● **Try it**: Below are some records. Retype exactly the lines from the one containing "1403, Altar de" through the one containing "Le Fleur - Bracelet", both included, skipping every picture.

● **Exercise data**:
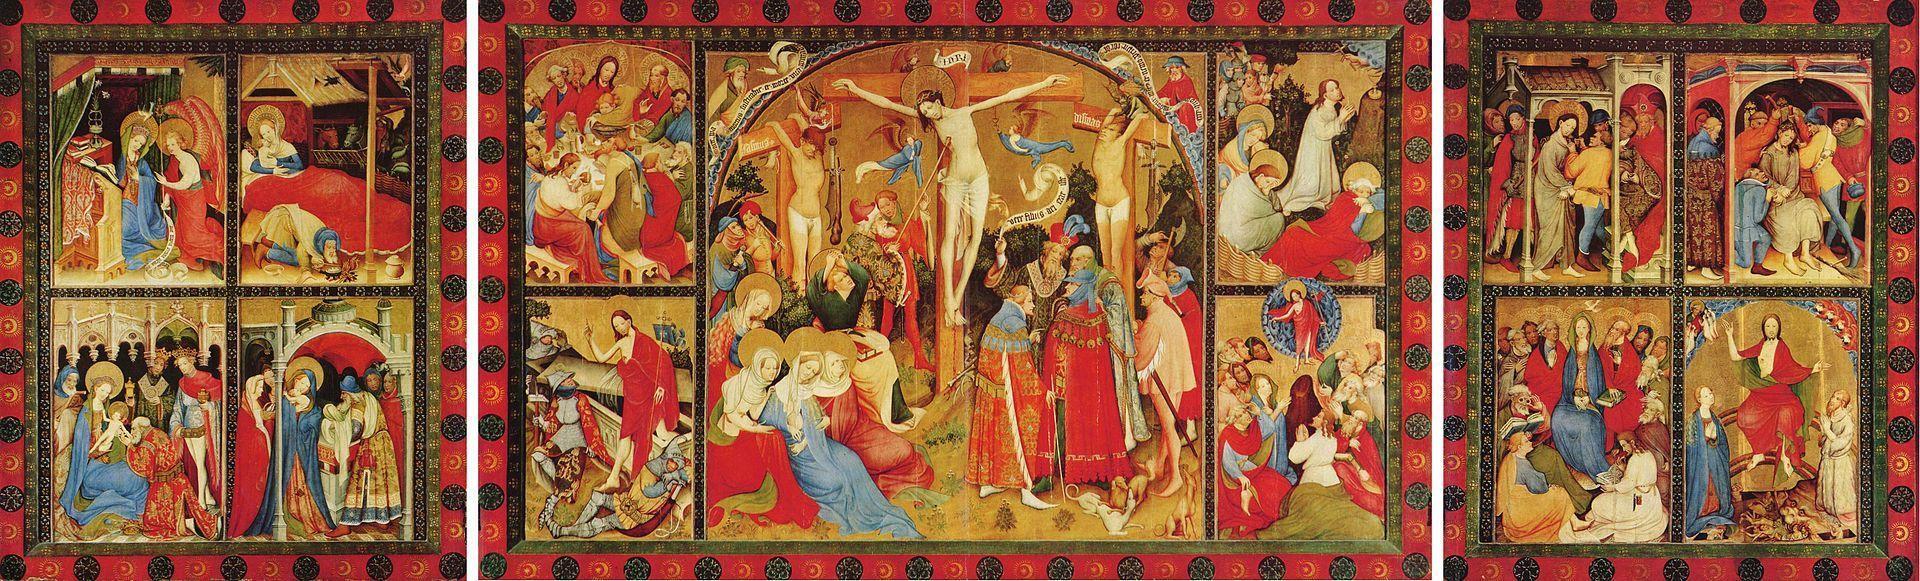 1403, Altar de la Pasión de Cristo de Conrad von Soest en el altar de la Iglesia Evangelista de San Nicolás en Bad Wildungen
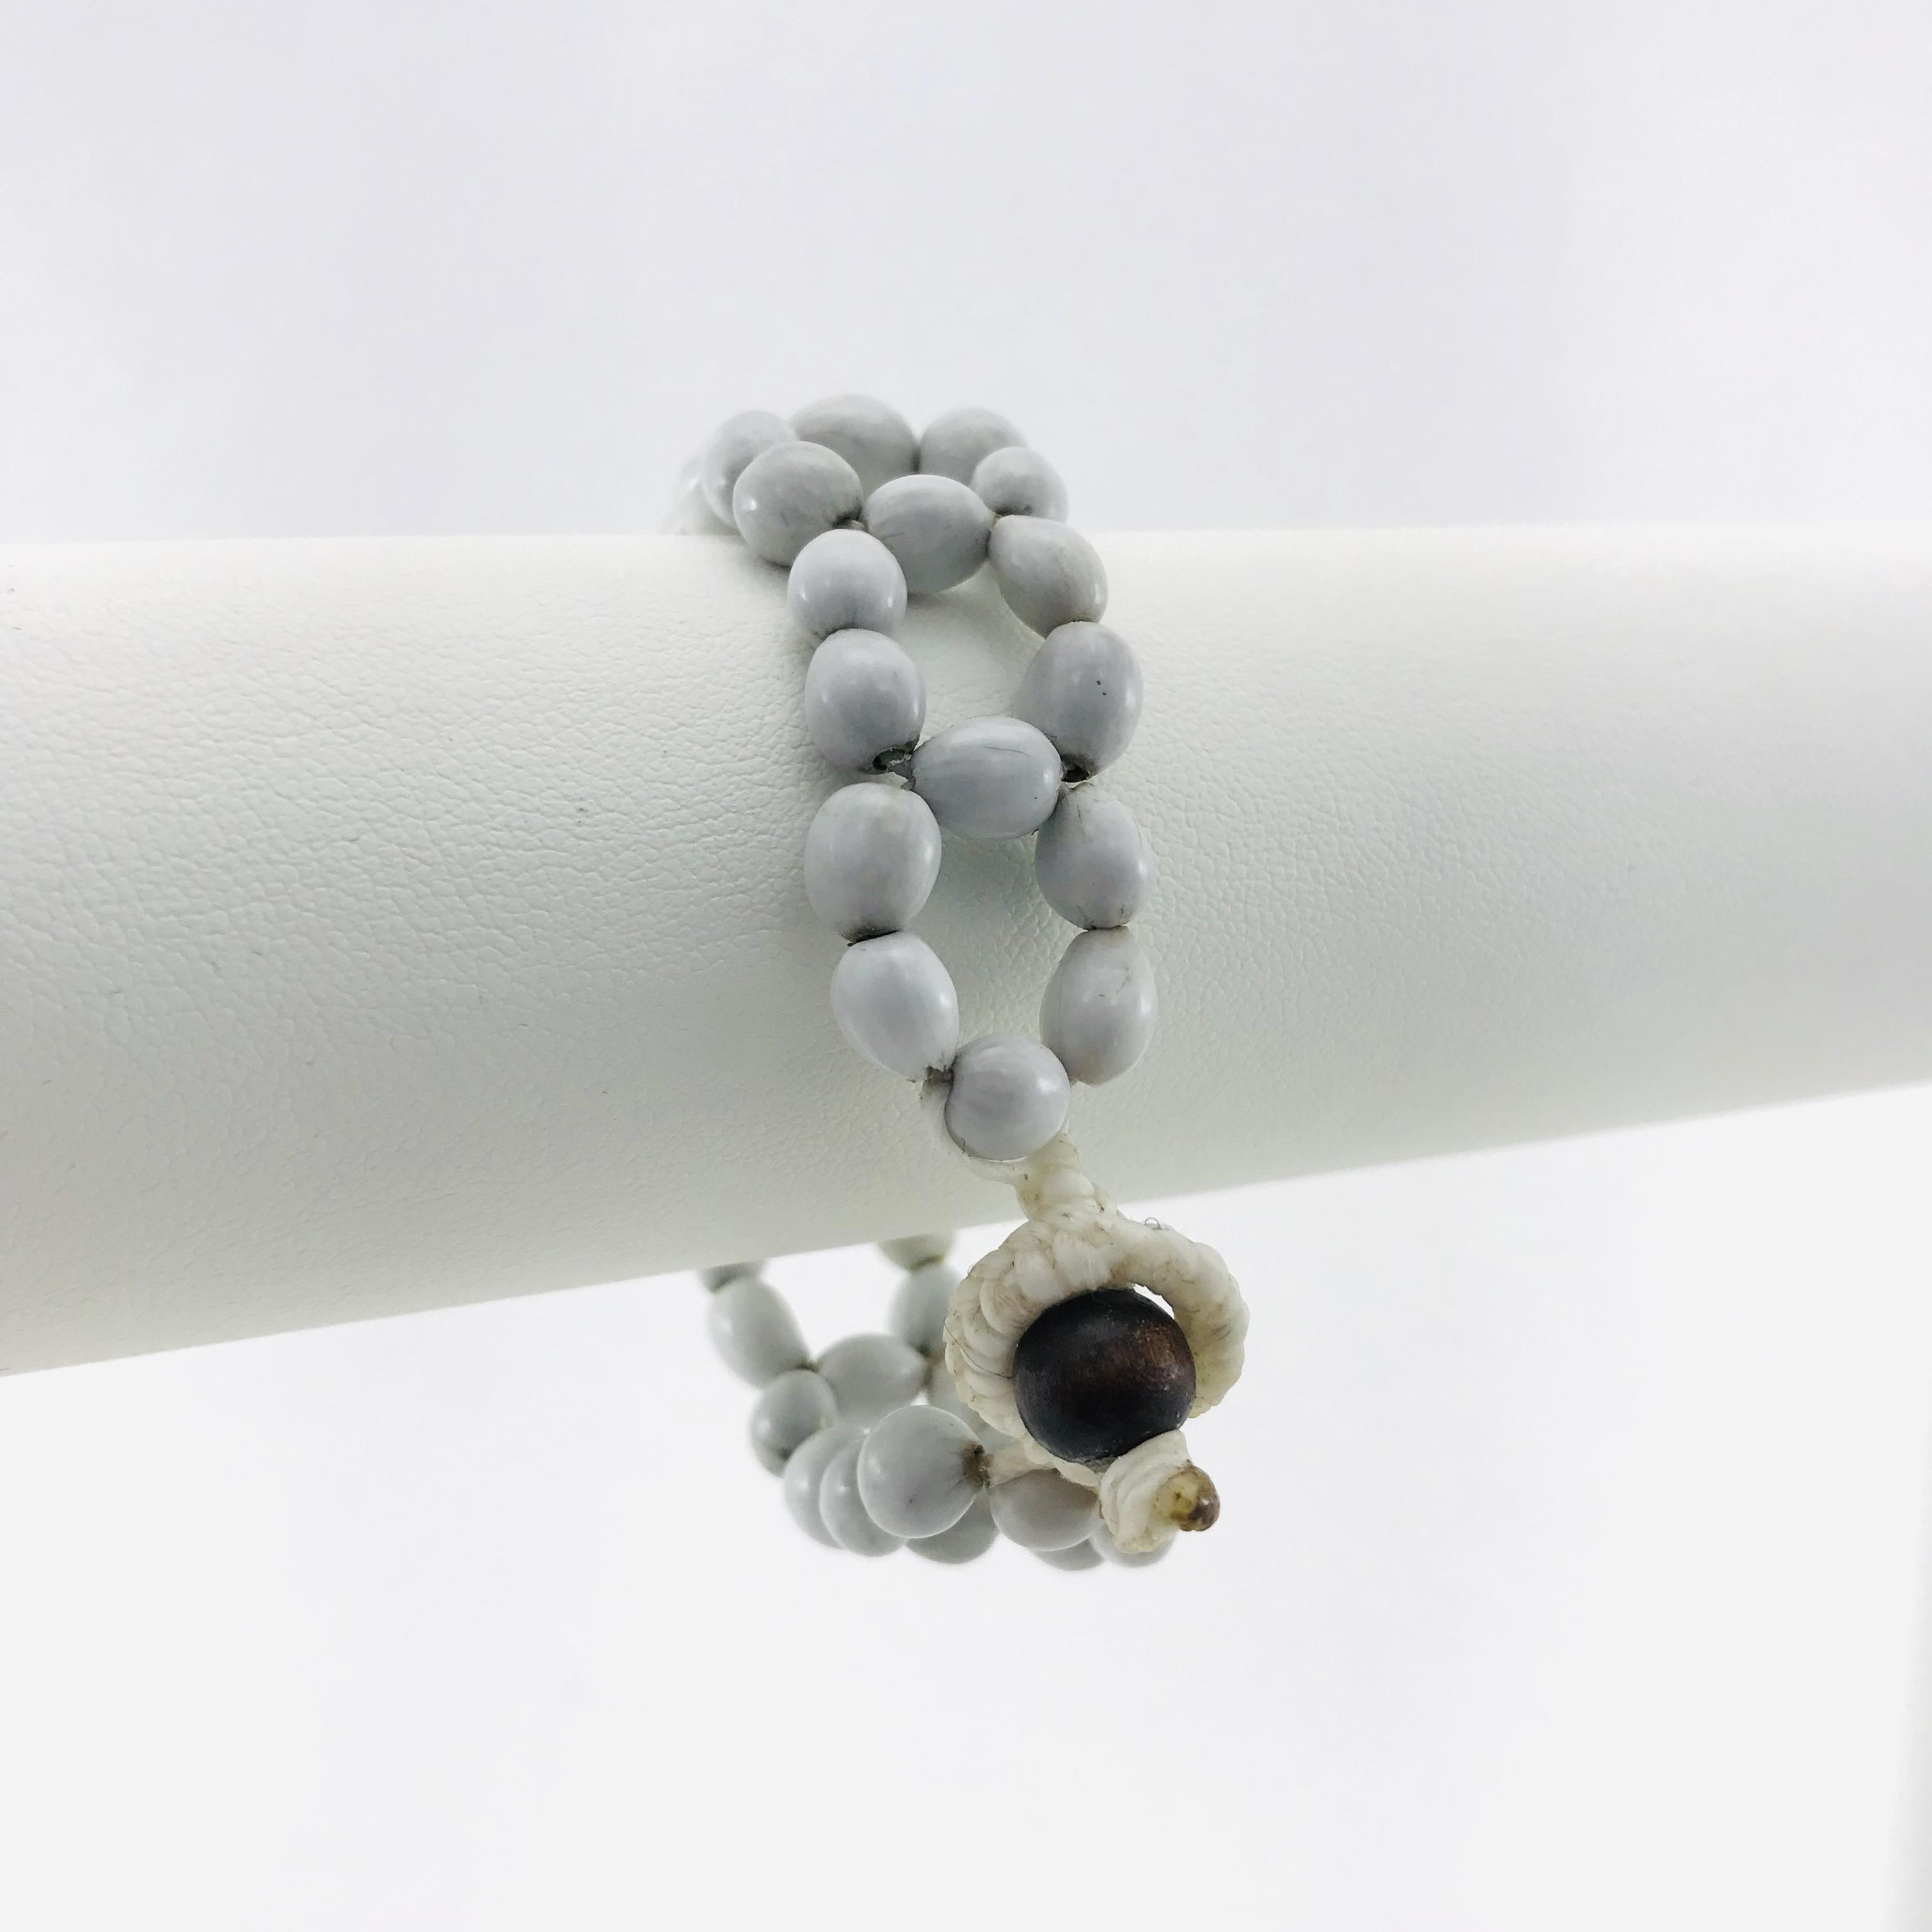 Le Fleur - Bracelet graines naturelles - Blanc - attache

* * *

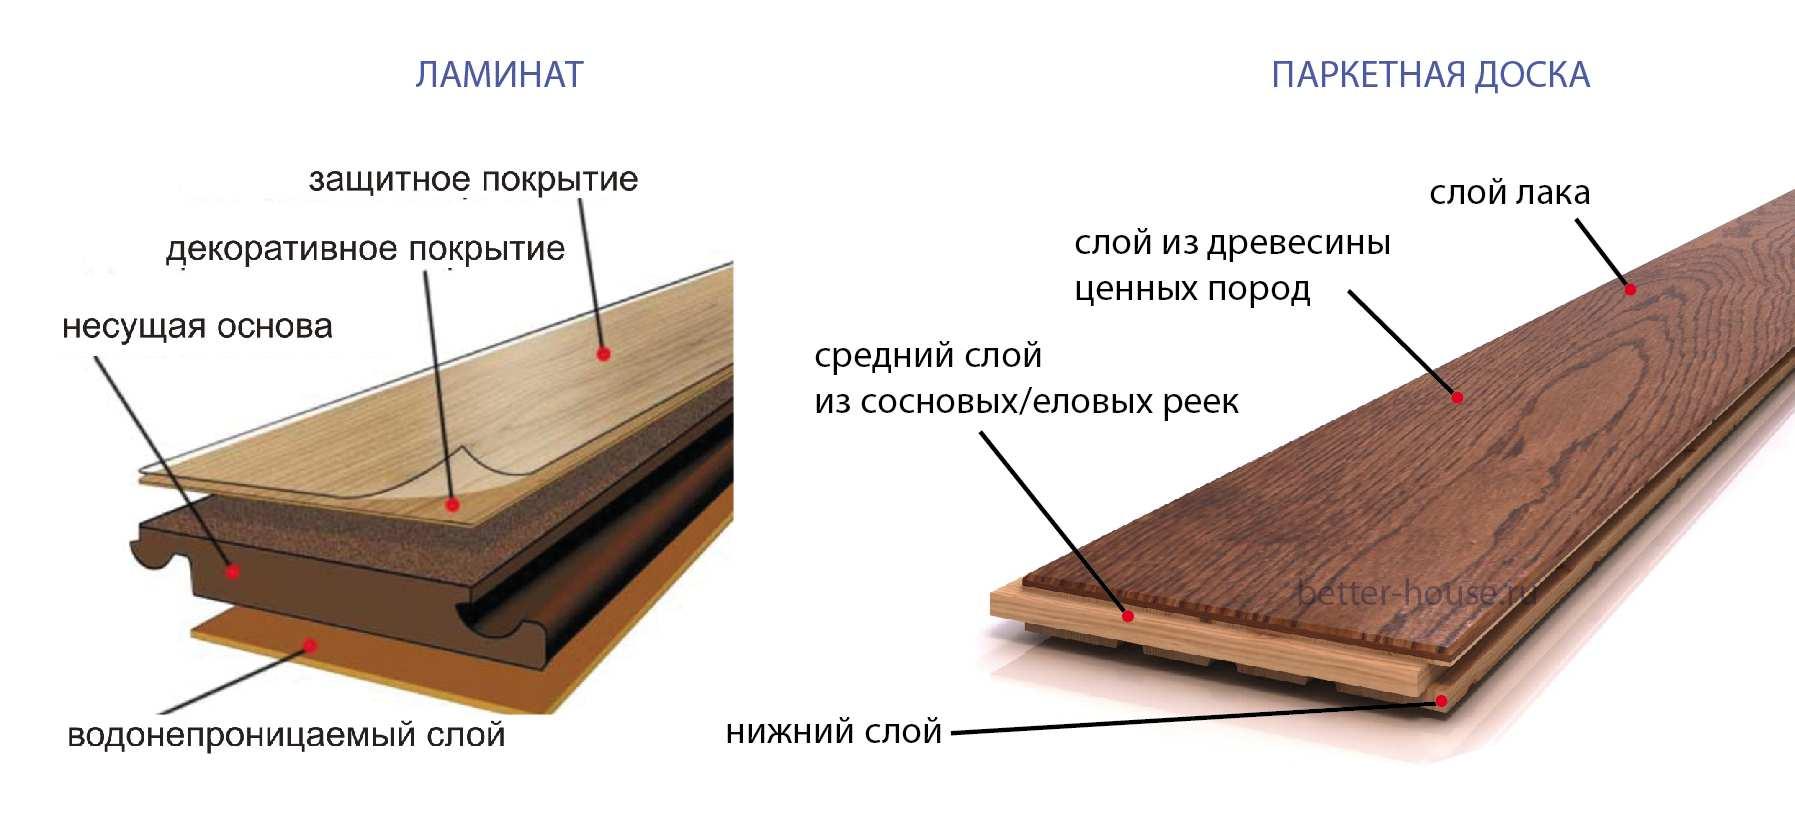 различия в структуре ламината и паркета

● **Solved problem**:
 1403, Altar de la Pasión de Cristo de Conrad von Soest en el altar de la Iglesia Evangelista de San Nicolás en Bad Wildungen
 Le Fleur - Bracelet graines naturelles - Blanc - attache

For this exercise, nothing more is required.